Records from a dataset:
☆ ☆ ☆ ☆ ☆
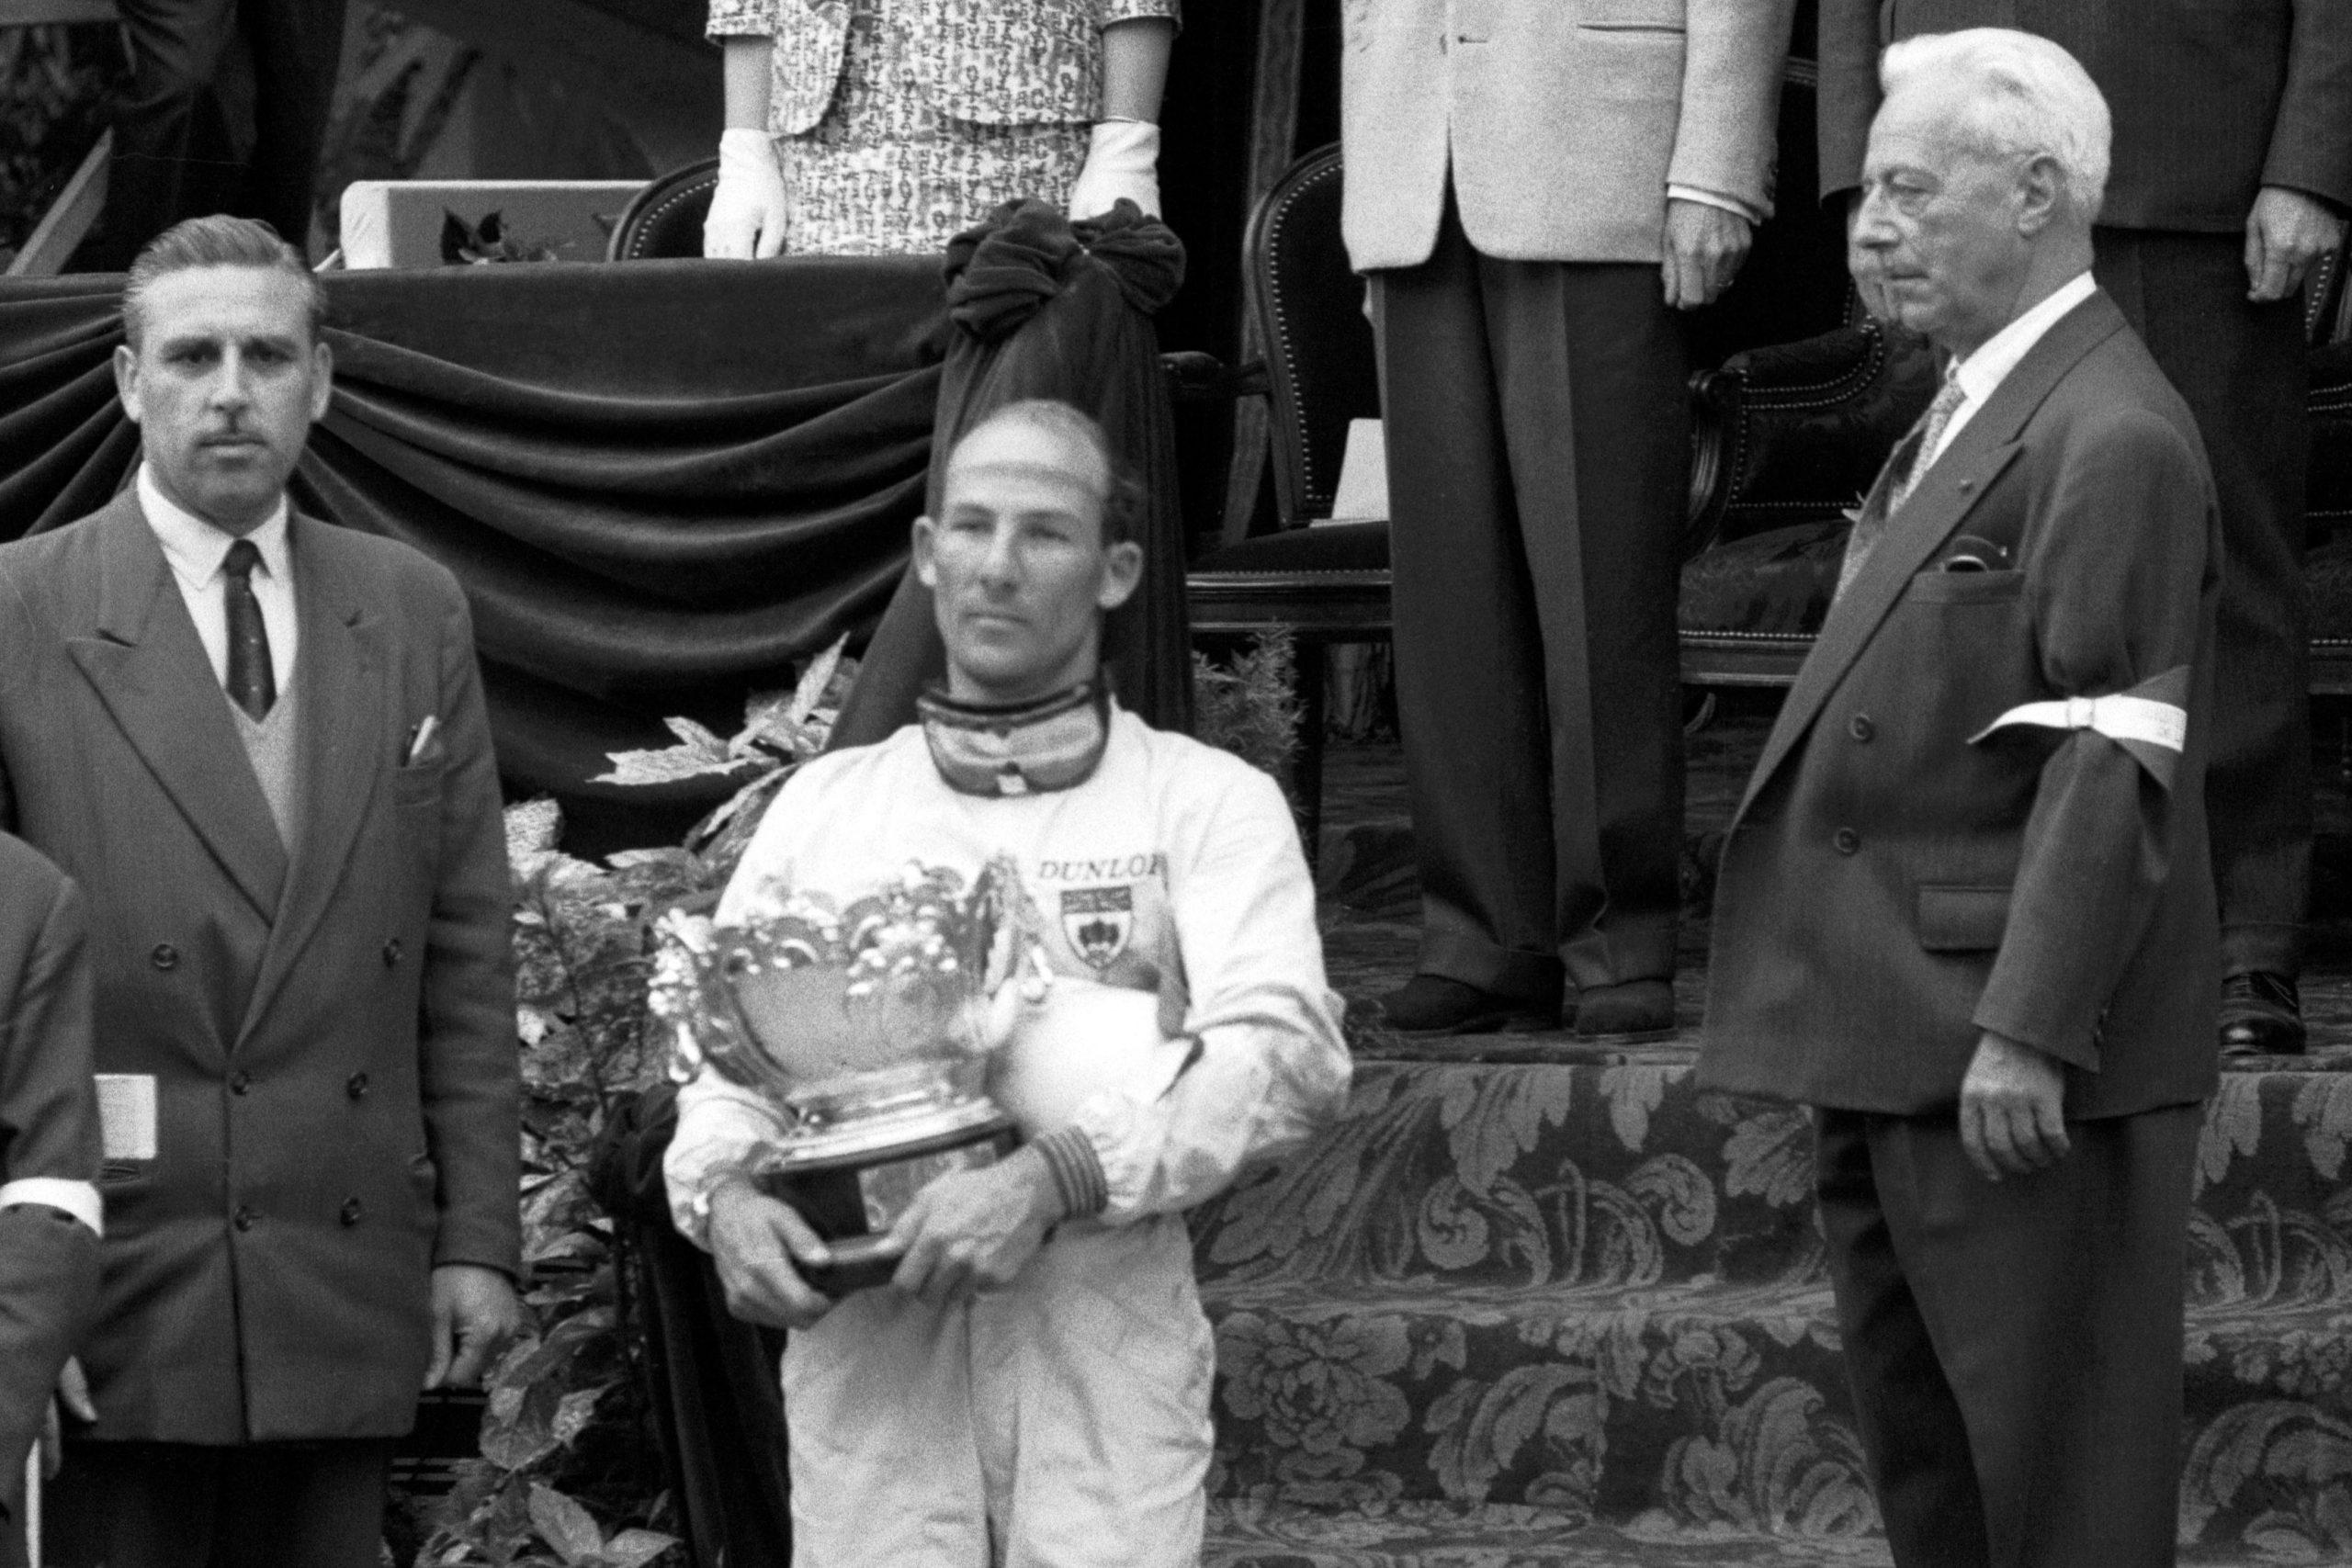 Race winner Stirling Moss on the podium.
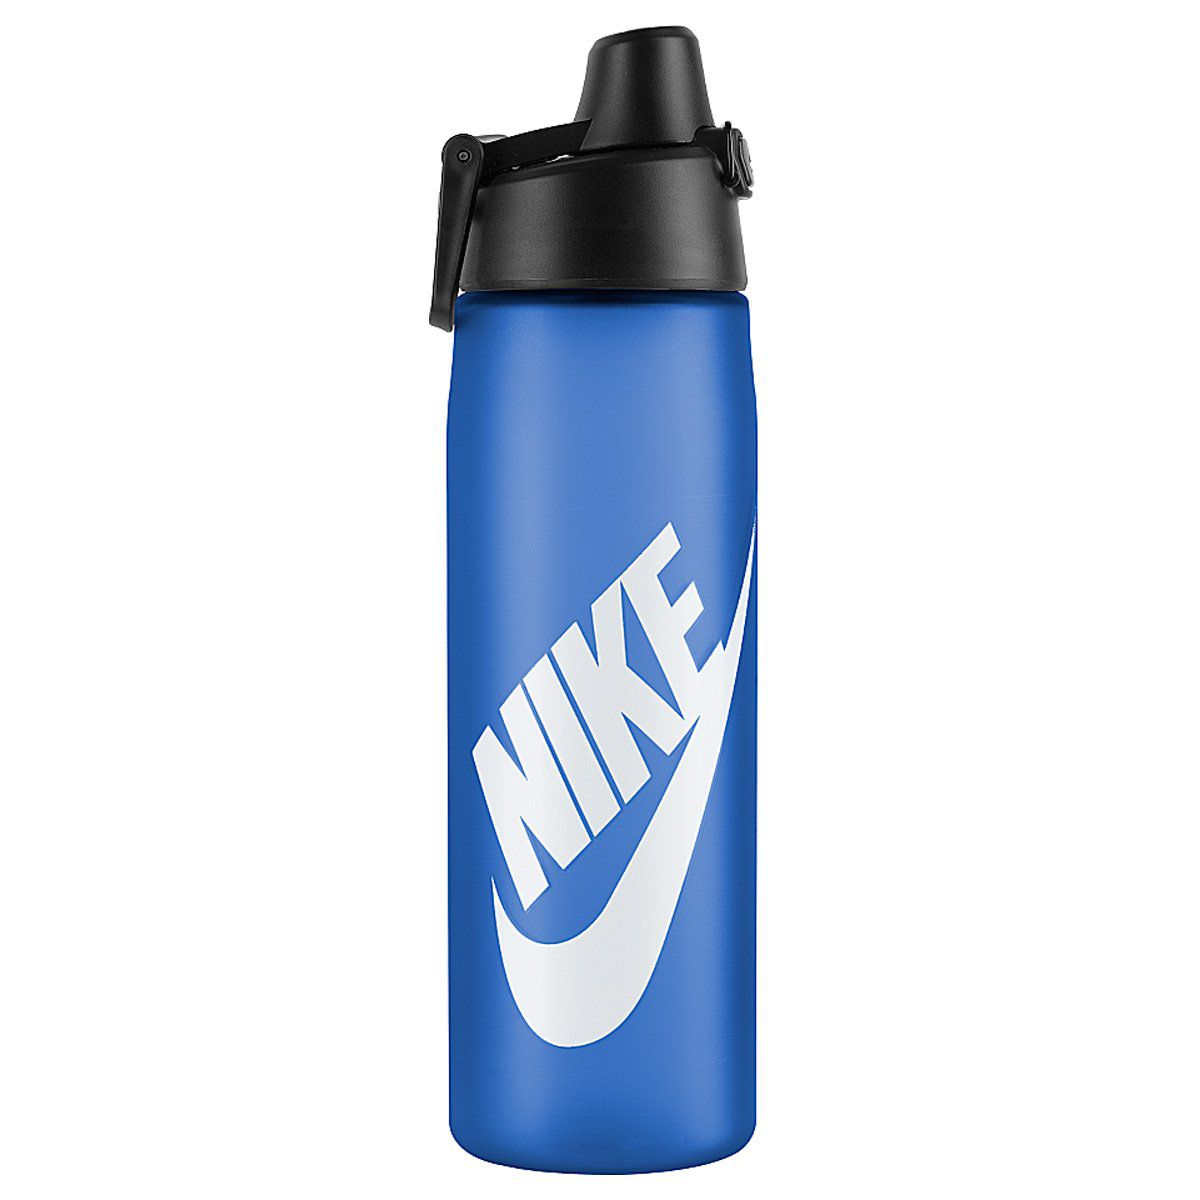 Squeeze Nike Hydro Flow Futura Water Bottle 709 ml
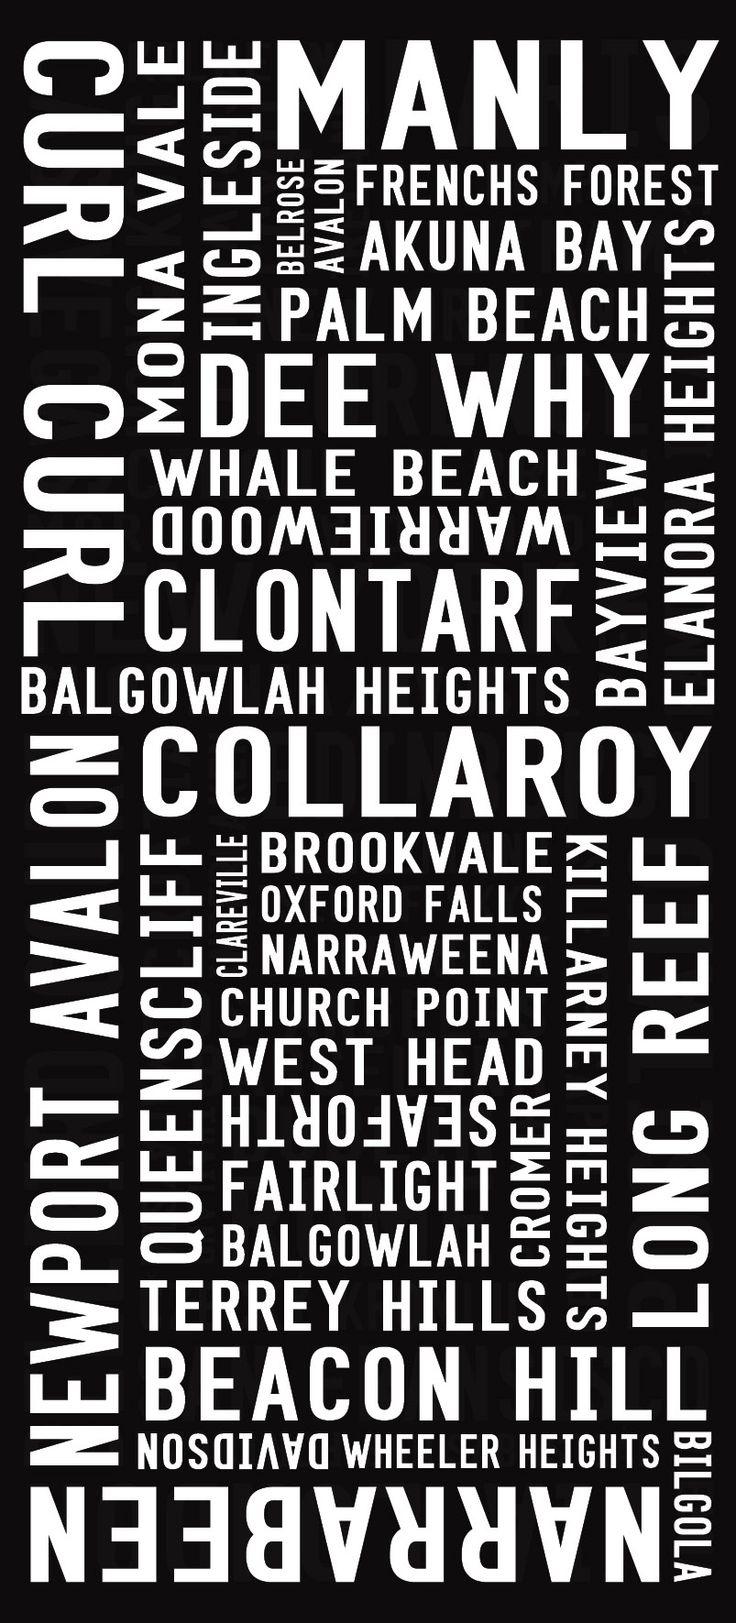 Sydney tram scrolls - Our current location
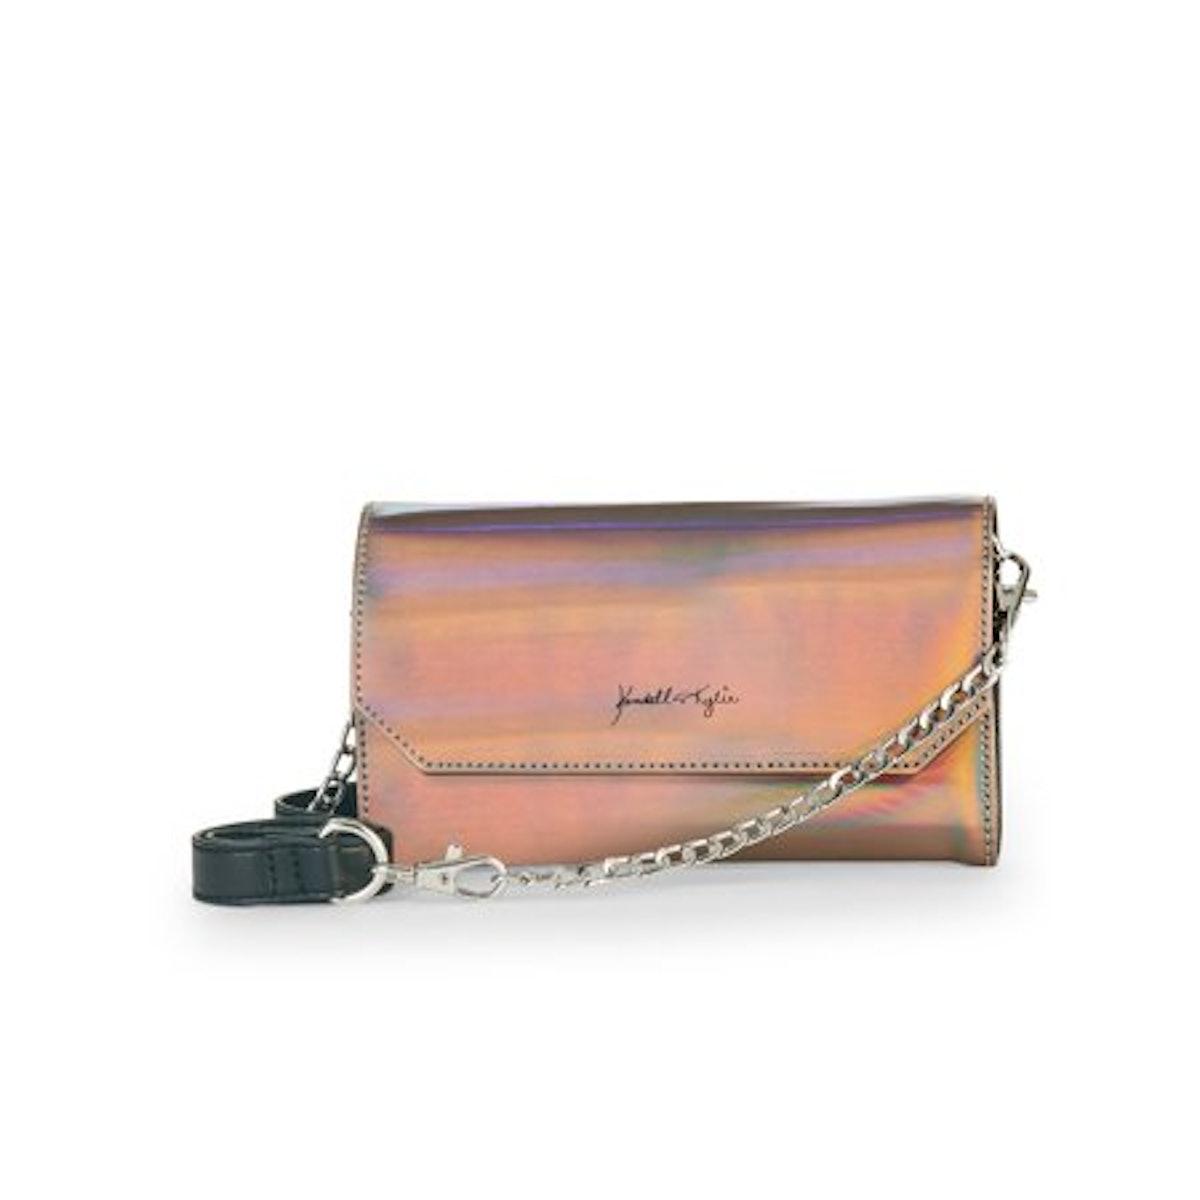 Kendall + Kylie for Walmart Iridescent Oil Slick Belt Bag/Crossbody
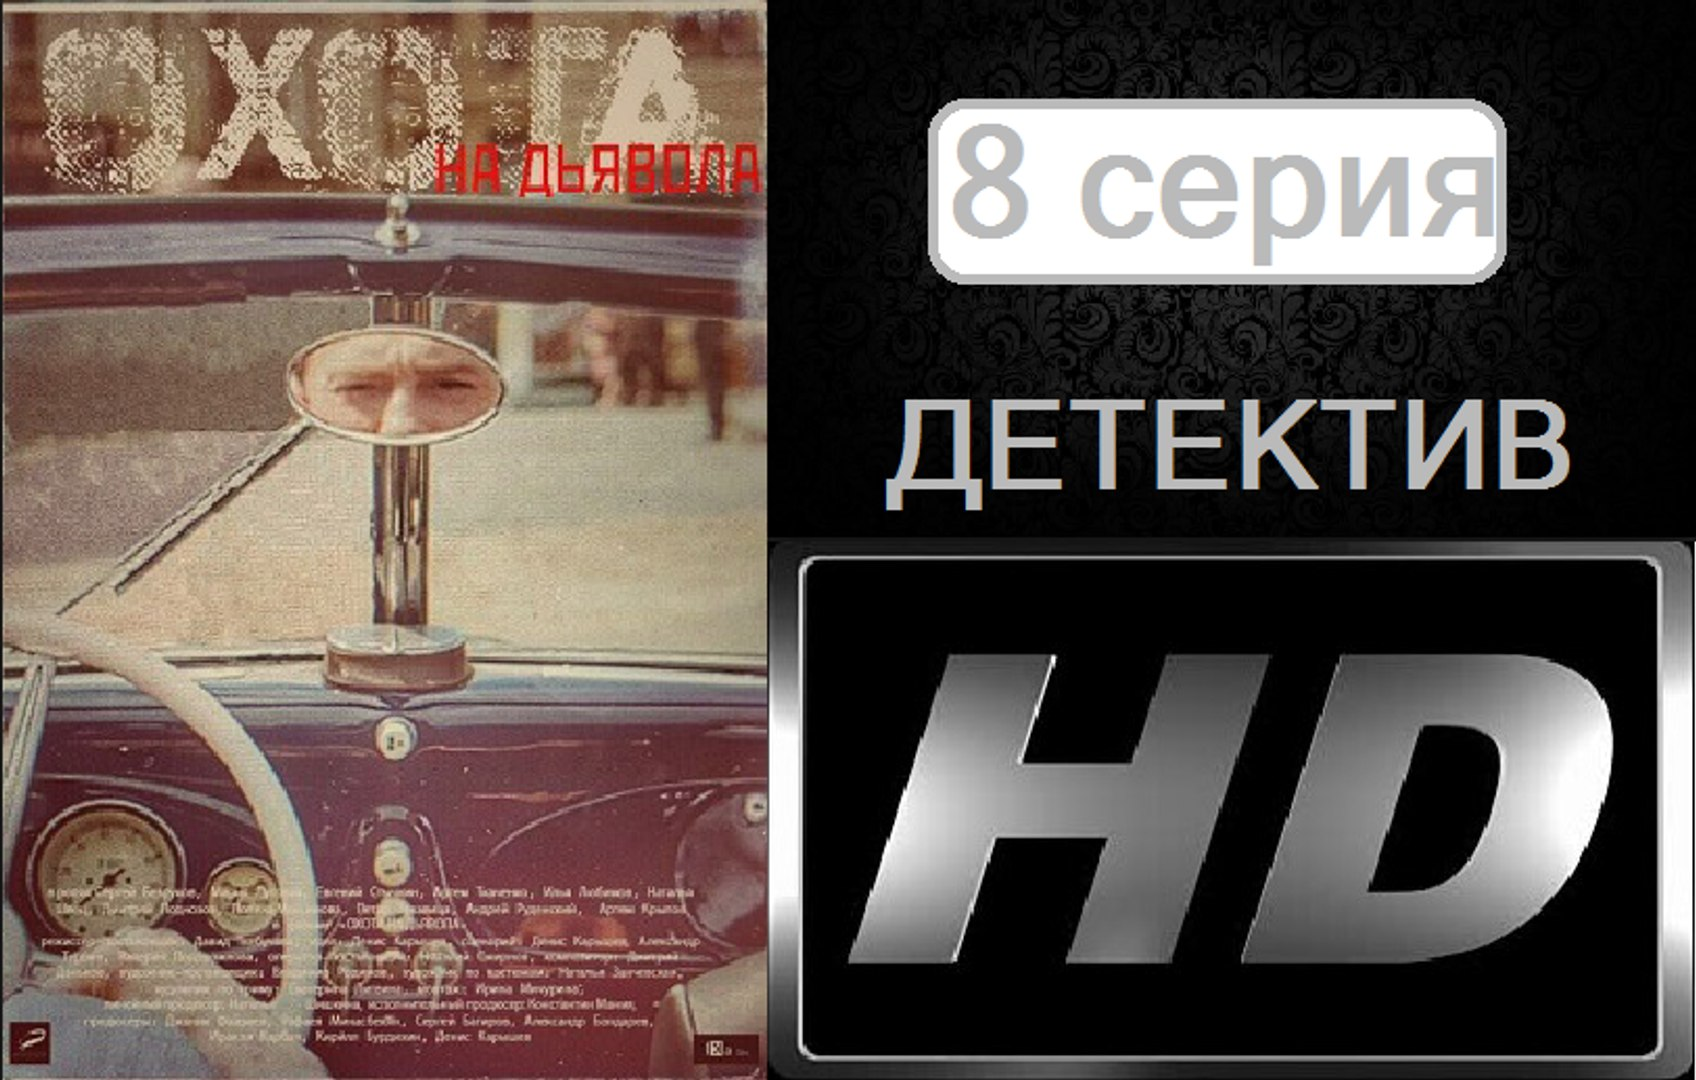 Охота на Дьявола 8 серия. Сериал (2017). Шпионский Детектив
☆ ☆ ☆ ☆ ☆
PROBLEM TO WORK ON: Print exactly the lines from the line with "Sydney tram scrolls - Our current location" through the end of the data, both ends included, and print no pictures.

SOLUTION TO THE EXERCISE:
 Sydney tram scrolls - Our current location
 Kendall + Kylie for Walmart Iridescent Oil Slick Belt Bag/Crossbody
 Охота на Дьявола 8 серия. Сериал (2017). Шпионский Детектив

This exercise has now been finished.